Builder

Model builder

class gordo.builder.build_model.ModelBuilder(machine: gordo.machine.machine.Machine)[source]

Bases: object

Build a model for a given gordo.workflow.config_elements.machine.Machine

Parameters

machine (Machine) –

Example

>>> from gordo_dataset.sensor_tag import SensorTag
>>> from gordo.machine import Machine
>>> from gordo.dependencies import configure_once
>>> configure_once()
>>> machine = Machine(
...     name="special-model-name",
...     model={"sklearn.decomposition.PCA": {"svd_solver": "auto"}},
...     dataset={
...         "type": "RandomDataset",
...         "train_start_date": "2017-12-25 06:00:00Z",
...         "train_end_date": "2017-12-30 06:00:00Z",
...         "tag_list": [SensorTag("Tag 1", None), SensorTag("Tag 2", None)],
...         "target_tag_list": [SensorTag("Tag 3", None), SensorTag("Tag 4", None)]
...     },
...     project_name='test-proj',
... )
>>> builder = ModelBuilder(machine=machine)
>>> model, machine = builder.build()
build(output_dir: Union[os.PathLike, str, None] = None, model_register_dir: Union[os.PathLike, str, None] = None, replace_cache=False) → Tuple[sklearn.base.BaseEstimator, gordo.machine.machine.Machine][source]
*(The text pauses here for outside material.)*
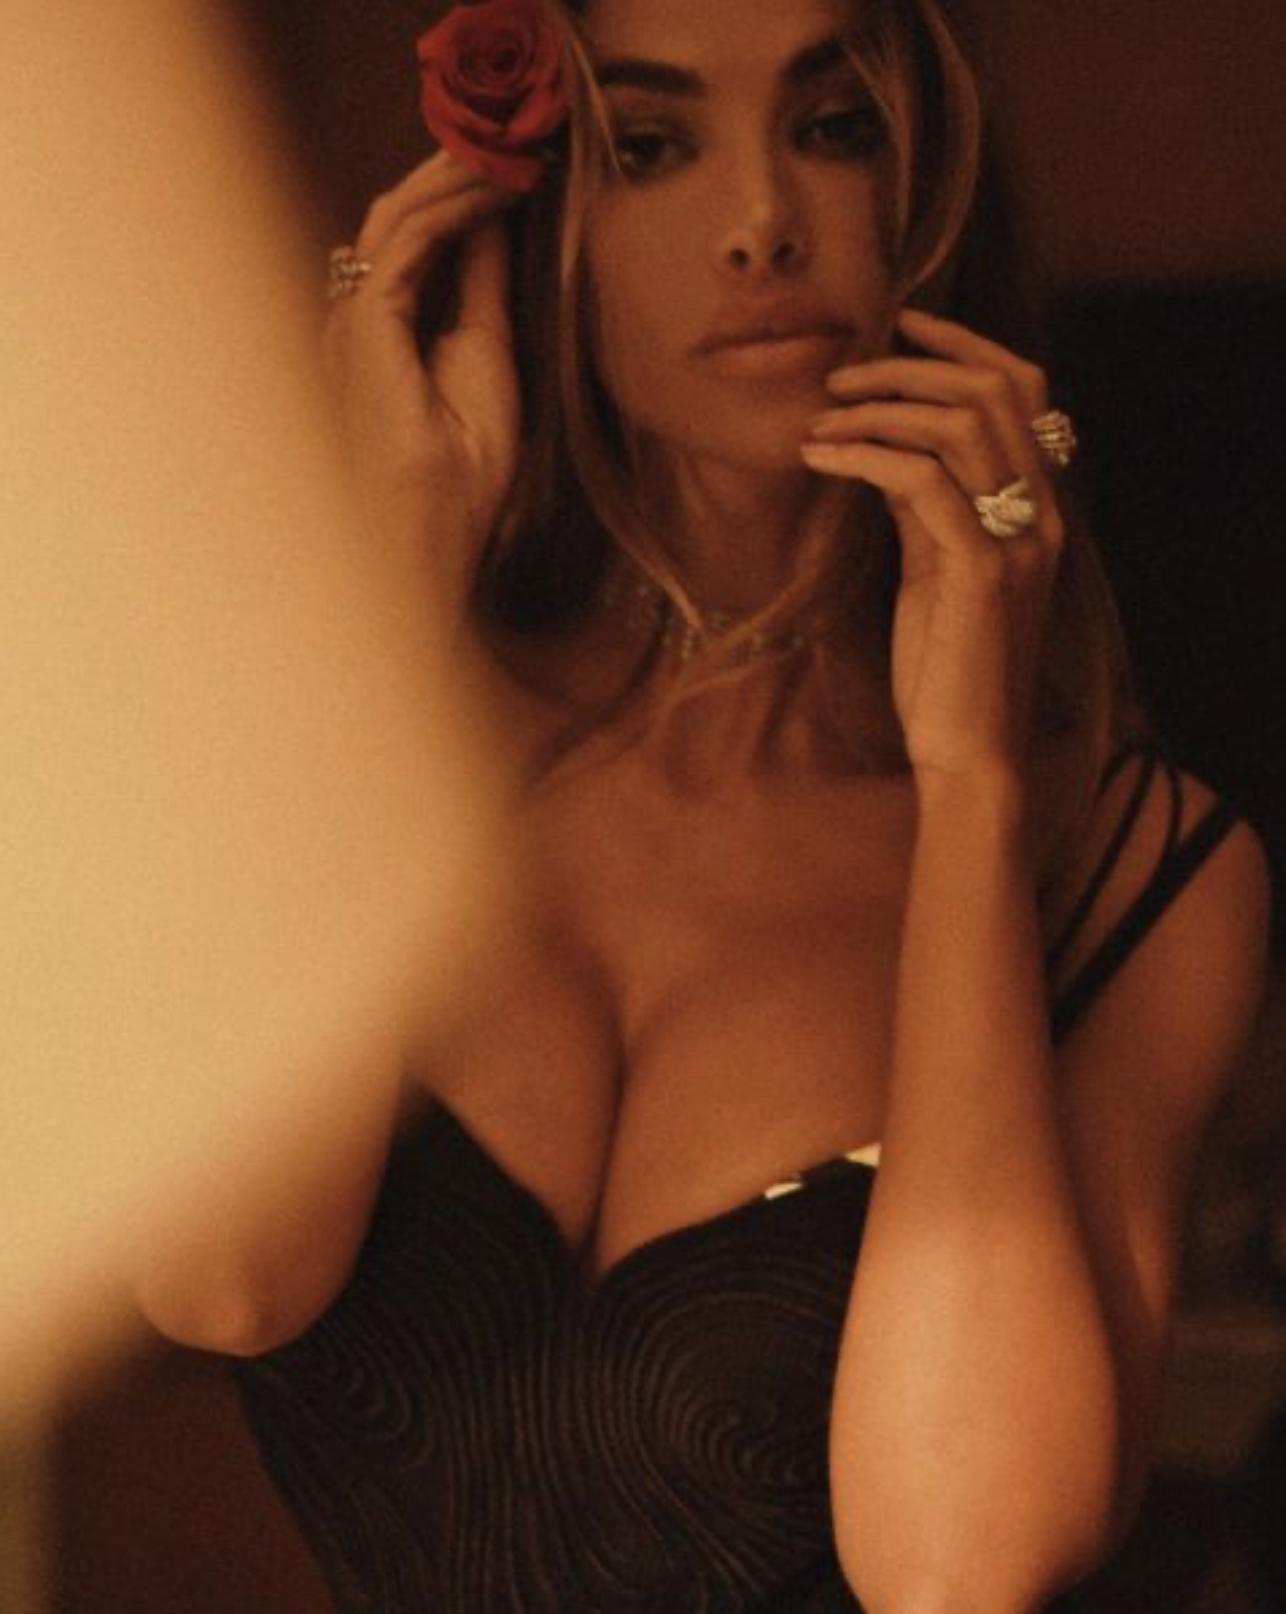 Мадалина Генеа — известная  модель и бывшая полузащитника «Ромы» Николо Дзаньоло. Ради неё он бросил беременную подругу!

Always return a model and its metadata.

If output_dir is supplied, it will save the model there. model_register_dir points to the model cache directory which it will attempt to read the model from. Supplying both will then have the effect of both; reading from the cache and saving that cached model to the new output directory.

Parameters
  • output_dir (Optional[Union[os.PathLike, str]]) – A path to where the model will be deposited.

  • model_register_dir (Optional[Union[os.PathLike, str]]) – A path to a register, see :func:gordo.util.disk_registry. If this is None then always build the model, otherwise try to resolve the model from the registry.

  • replace_cache (bool) – Forces a rebuild of the model, and replaces the entry in the cache with the new model.

Returns

Built model and an updated Machine

Return type

Tuple[sklearn.base.BaseEstimator, Machine]

static build_metrics_dict(metrics_list: list, y: pandas.core.frame.DataFrame, scaler: Union[sklearn.base.TransformerMixin, str, None] = None) → dict[source]

Given a list of metrics that accept a true_y and pred_y as inputs this returns a dictionary with keys in the form ‘{score}-{tag_name}’ for each given target tag and ‘{score}’ for the average score across all target tags and folds, and values being the callable make_scorer(metric_wrapper(score)). Note: score in {score}-{tag_name} is a sklearn’s score function name with ‘_’ replaced by ‘-‘ and tag_name corresponds to given target tag name with ‘ ‘ replaced by ‘-‘.

Parameters
  • metrics_list (list) – List of sklearn score functions

  • y (pd.DataFrame) – Target data

  • scaler (Optional[Union[TransformerMixin, str]]) – Scaler which will be fitted on y, and used to transform the data before scoring. Useful when the metrics are sensitive to the amplitude of the data, and you have multiple targets.

Returns

Return type

dict

static build_split_dict(X: pandas.core.frame.DataFrame, split_obj: Type[sklearn.model_selection._split.BaseCrossValidator]) → dict[source]

Get dictionary of cross-validation training dataset split metadata

Parameters
  • X (pd.DataFrame) – The training dataset that will be split during cross-validation.

  • split_obj (Type[sklearn.model_selection.BaseCrossValidator]) – The cross-validation object that returns train, test indices for splitting.

Returns

split_metadata – Dictionary of cross-validation train/test split metadata

Return type

Dict[str,Any]

property cache_key
property cached_model_path
static calculate_cache_key(machine: gordo.machine.machine.Machine) → str[source]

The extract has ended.